Patient Education

REACTIVE ARTHRITIS

Reactive Arthritis

  • Reactive arthritis is an sudden onset (acute) painful swelling of the joints take place
  • It occurs usually after an infection episode such as diarrhea, Urinary tract infection (UTI)
  • Mostly it affects large joints of the body i.e. knee, hip and ankle joints
  • Some time it can progress to develop chronic (long term) arthritis with episodic flare up intermittently
  • Reactive arthritis can also affect attachment of muscle to bone (Achilis tendenitis,enthesithis).
  • Reactive arthritis seen in 30-40 yrs age group.
  • 75% of reactive arthritis have a gene HLAB27 positivity

  • Reactive arthritis (ReA) mostly takes place after an infection such as UTI (Urinary Tract Infection) or Dysentery (Bowel infection).
  • Infection can trigger the immune system to attack the healthy cells such as joints.
  • Reactive arthritis occurs after 1-4 wks. of infection.
  • Around 75% of Reactive arthritis patients have HLA B27 positivity.
  • Sometimes genetics play a role in the disease

  • Reactive Arthritis is very rare and individuals with the age between 30- 40 are mostly affected.
  • Men are more prone to the disease in comparison to women.
  • People with HLA-B27 are most likely to be affected by Reactive Arthritis.
  • Those have HLA B27 positive can develop persistent arthritis.

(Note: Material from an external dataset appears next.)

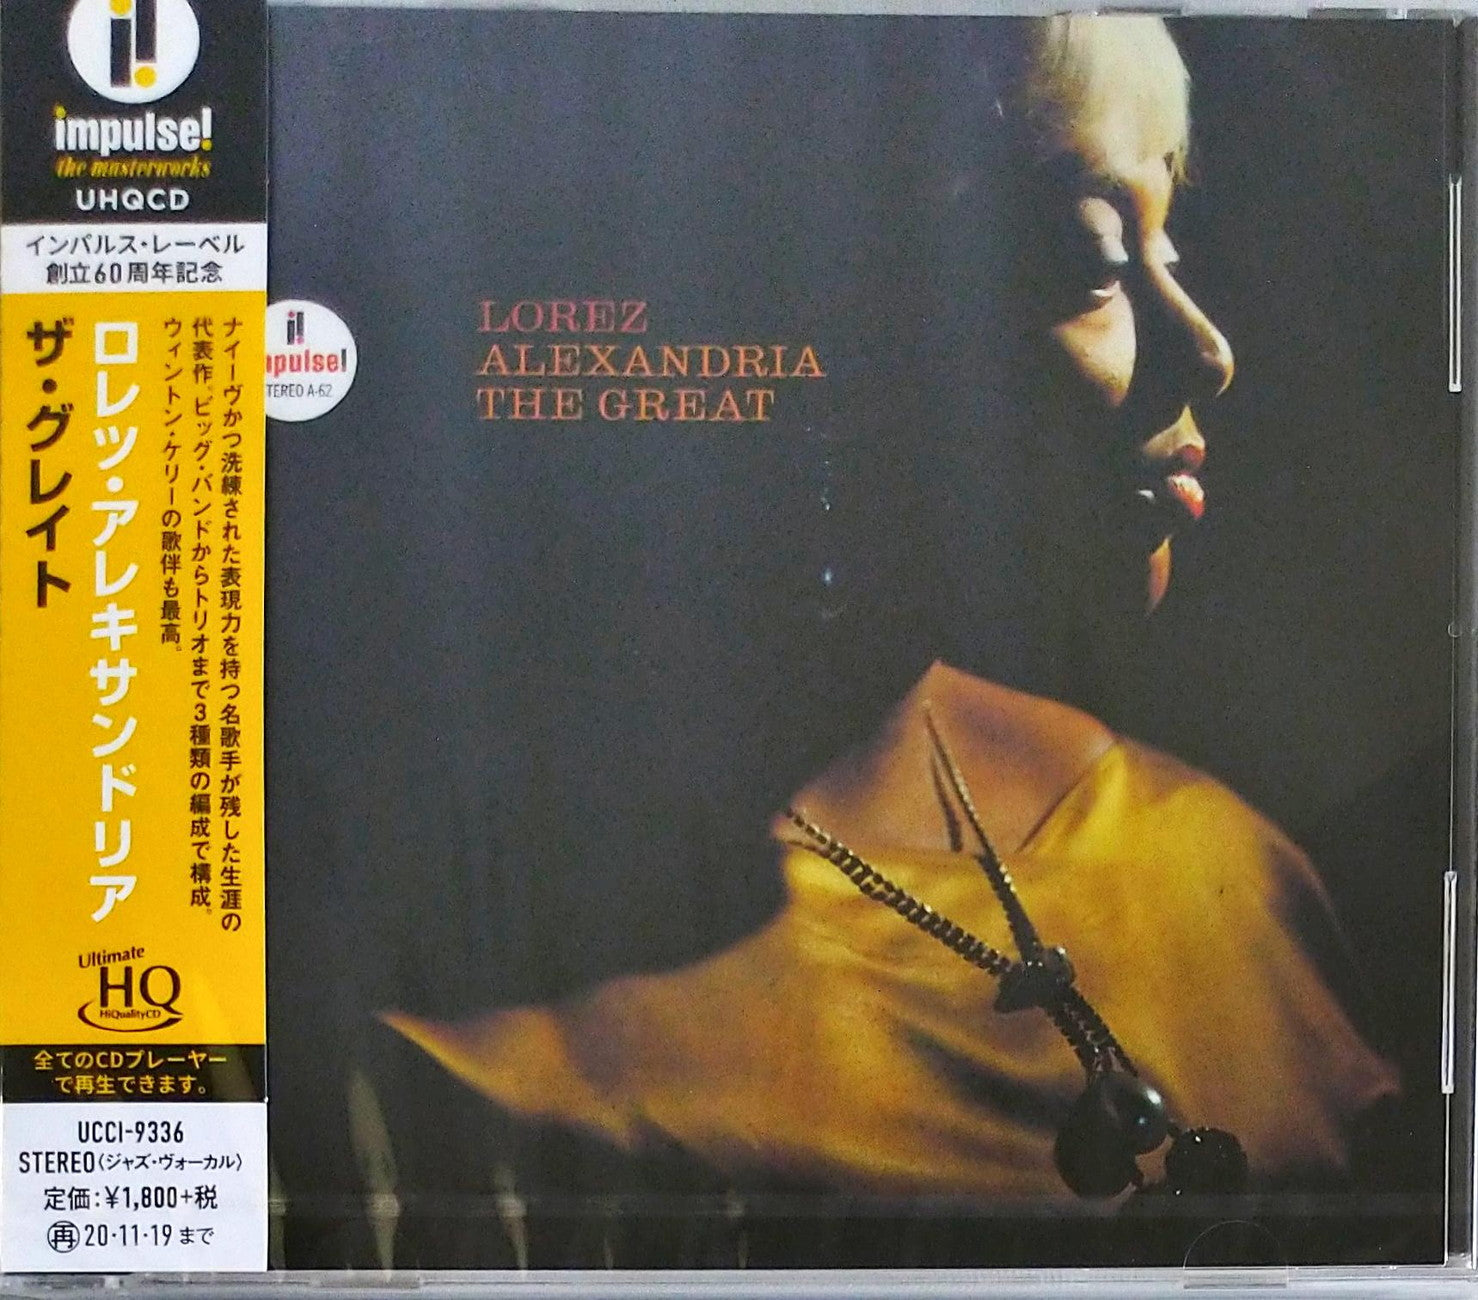 Lorez Alexandria Alexandria The Great Japan Uhqcd Limited Edition Cds Vinyl Japan Store

The arthritis has the following signs and symptoms-

 

  • Individuals with reactive arthritis experience inflammation leading to stiffness and back pain.
  • The pain can start quickly and become intense in no time.
  • The disease affects feet, ankles, hips and knees.(Mostly joints of the leg)

 

 

  • Patients will experience still, swollen and painful joints.
  • The arthritis affects one side of the body (asymmetric)
  • Whole digit can be swollened which is known as dactylitis
  • People will generally feel tired and feverish.

 

 

  • Patients might experience eye infection (Conjunctivitis).

 

 

 

 

  • Skin rash and sores on the mouth can also be noticed.
  • No single test can diagnose reactive arthritis
  • Proper history and detail examination helpful for diagnose reactive arthritis
  • Some time it might get confused with septic arthritis
  • Always tell your doctor if you have recent history of UTI or dysentery.
  • Consult a Rheumatologist who is expertise in inflammatory arthritis

Blood tests are normally done to check the inflammation and identify the HLA-B27 gene, but a blood test is not enough to diagnose a particular disease.

The following tests help in diagnosis:

  • Complete Blood Count
  • C-Reactive Protein (CRP)
  • Erythrocyte Sedimentation Rate (ESR)
  • Urine Re/Me, Urine culture

 

  • HLA B27
  • Reactive arthritis will not hamper the ability to become pregnant.
  • Medications should be avoided during the effort made to become pregnant or breastfeeding.